US urges Ugandans to respect court decision

Saturday April 2 2016

Ms Deborah Malac

U.S. ambassador to Uganda Deborah Malac  

By NELSON WESONGA

Kampala. While urging Ugandans to accept the Supreme Court’s dismissal of the petition challenging President Museveni’s re-election, the US has said government should in the next term institute, among others, electoral reforms.
“We encourage all Ugandans to respect the court’s decision, and express their views in a peaceful manner,” the US embassy said in a press statement on Friday.

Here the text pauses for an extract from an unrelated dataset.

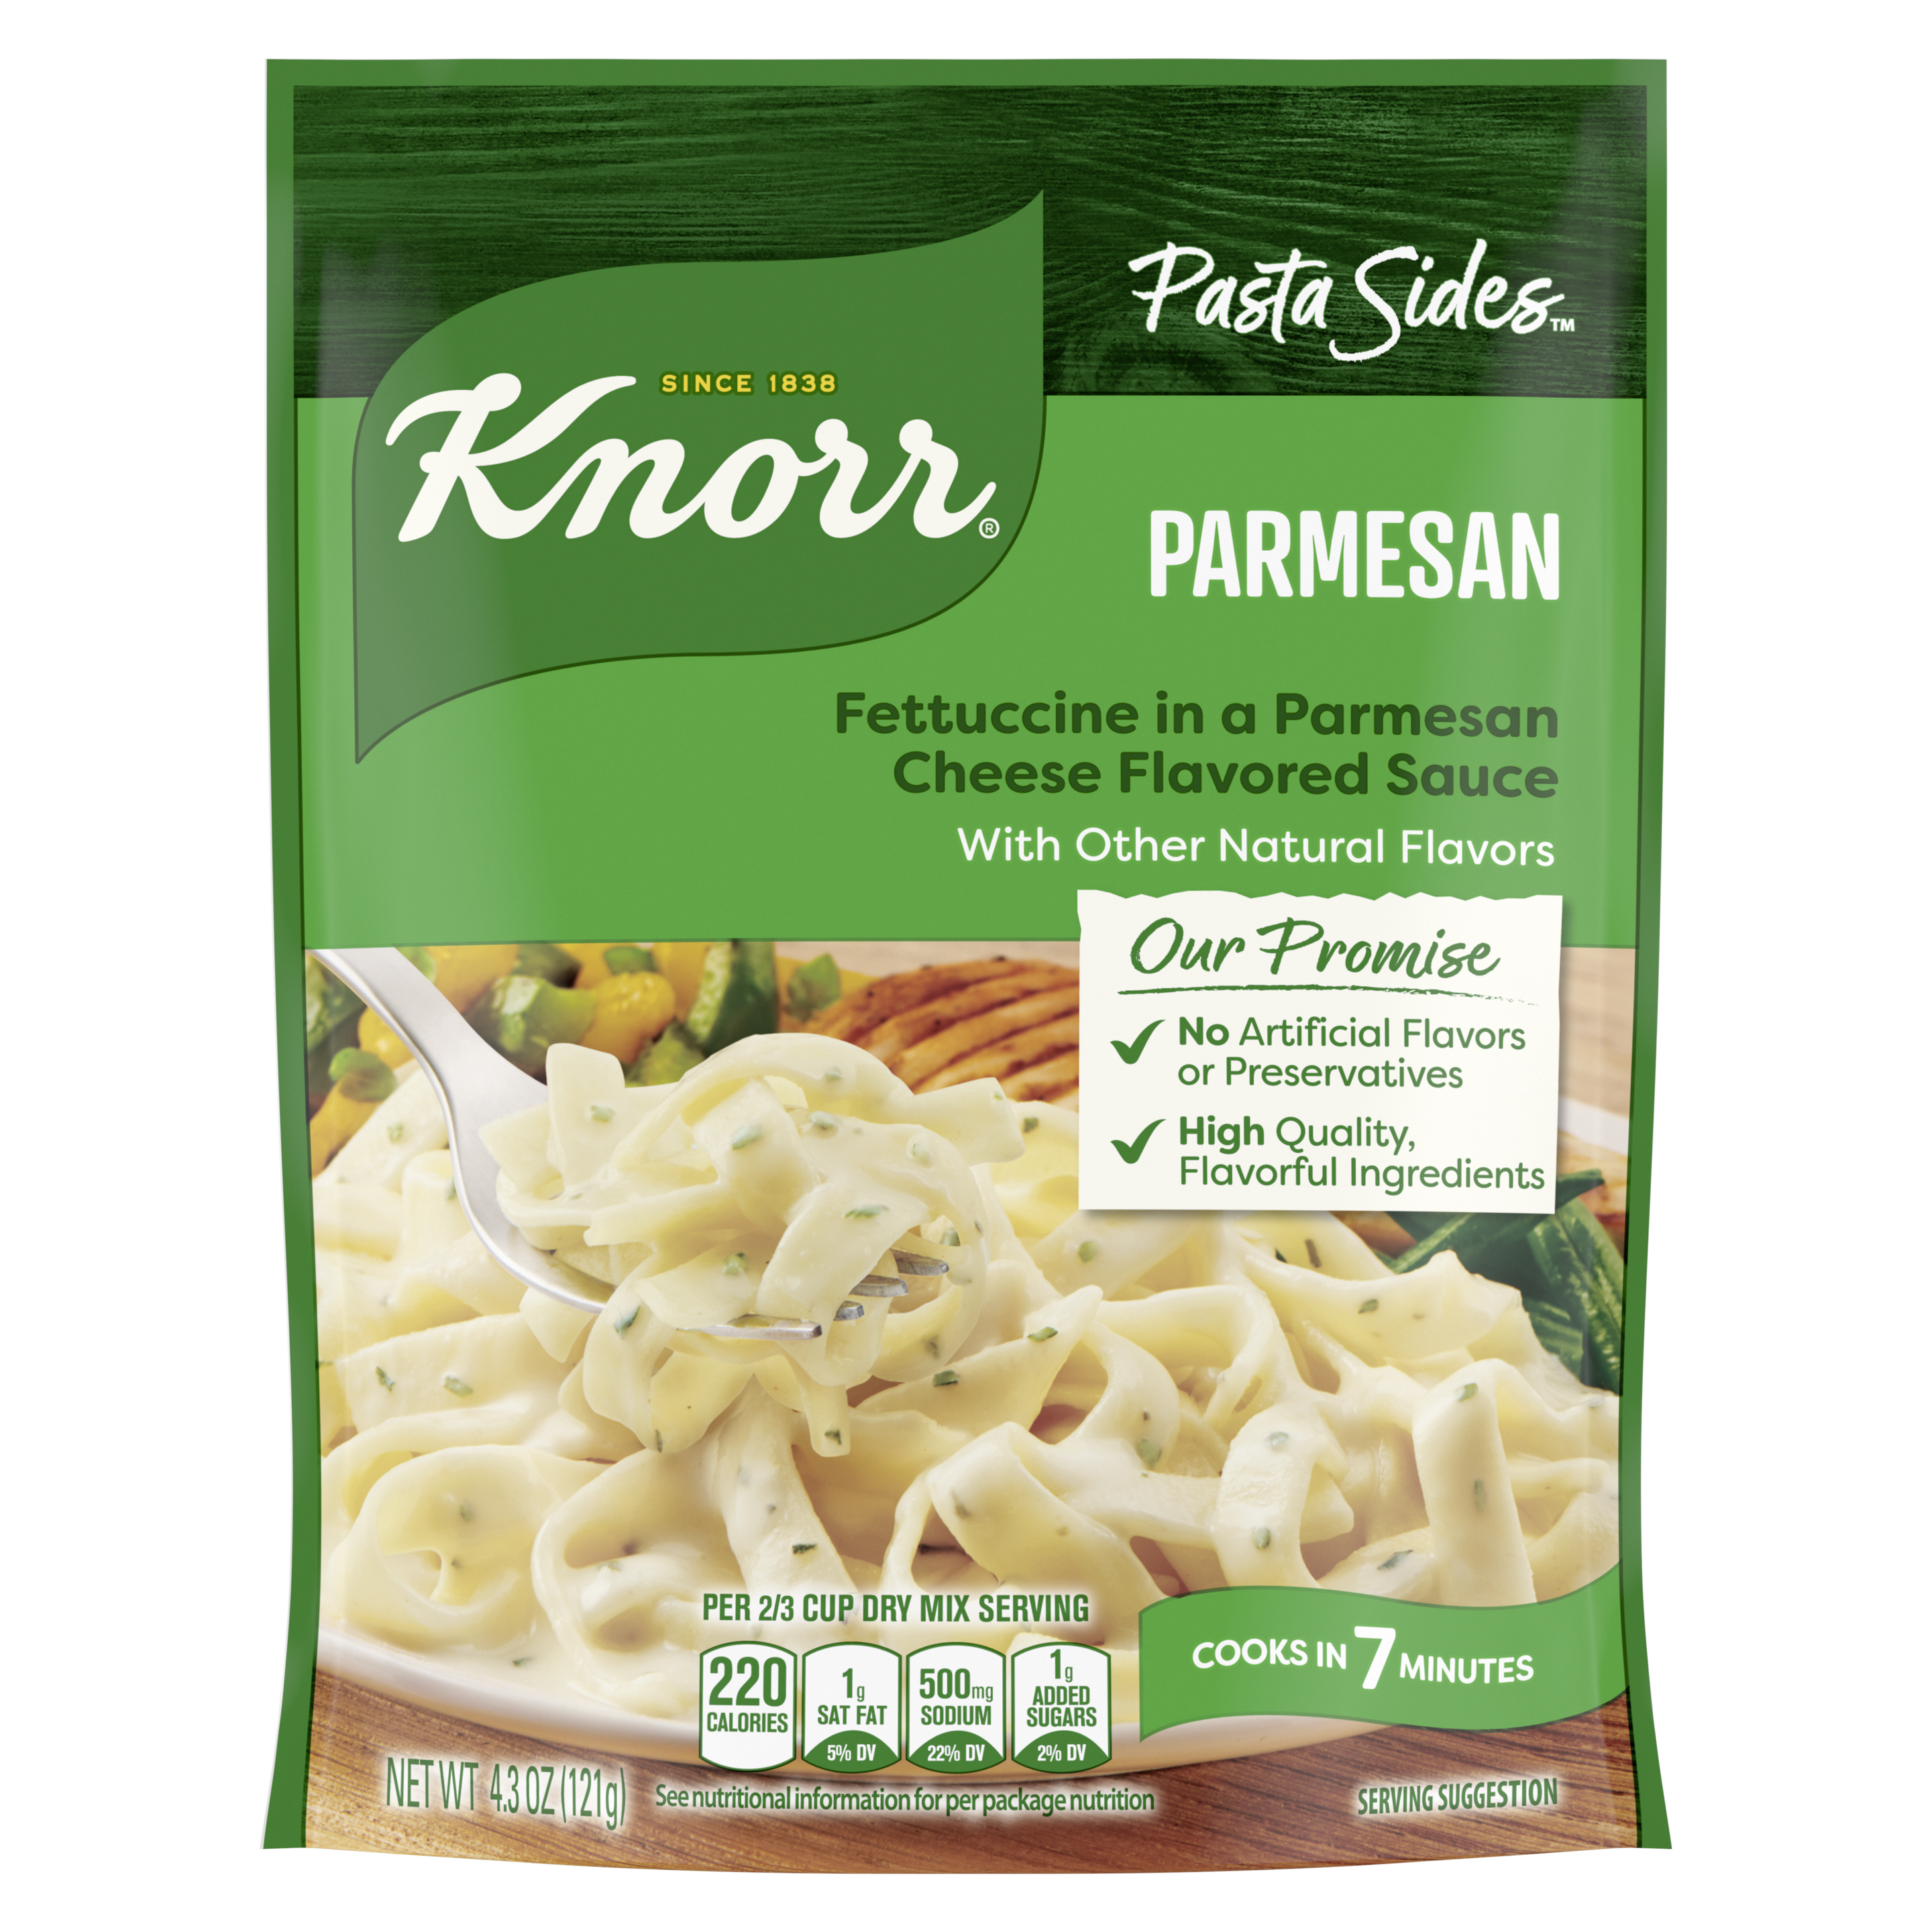 Knorr Parmesan Pasta

“We hope the government will now address the grievances voiced by its own people in the wake of these elections and take the necessary steps to enact reforms that will guarantee political inclusivity, transparency, accountability and free and fair elections. Uganda’s future prosperity and democratic progress will depend on such actions,” the statement added.
The statement came after court’s dismissal of the petition, ruling that President Museveni was nominated in accordance with provisions of the Presidential Elections Act, contrary to the claims of the petitioner.

Mid last month, the US warned that Uganda government’s continued crackdown on civil liberties, if not reversed, could affect economic and political ties between the two countries. The warning was informed by a crackdown on Opposition politicians and their supporters as well as the clampdown on the media.
Civil society, Opposition political parties, the Catholic Church and private individuals made similar calls immediately after the 2001, 2006 and the 2011 general elections.
Their proposals would mean a constitutional amendment, which can be done once every 10 years or when Ugandans, through a plebiscite, overwhelming call for reforms.

Those calling for reforms wanted an independently constituted Electoral Commission (EC). The government merely changed the name of the EC to the Independent Electoral Commission. Above all, the Bill tabled by government retained the President’s power to appoint the EC’s commissioners.
Also, it did not proscribe the involvement of the army, intelligence services and police from electoral activities, which critics say creates fear among opposition supporters.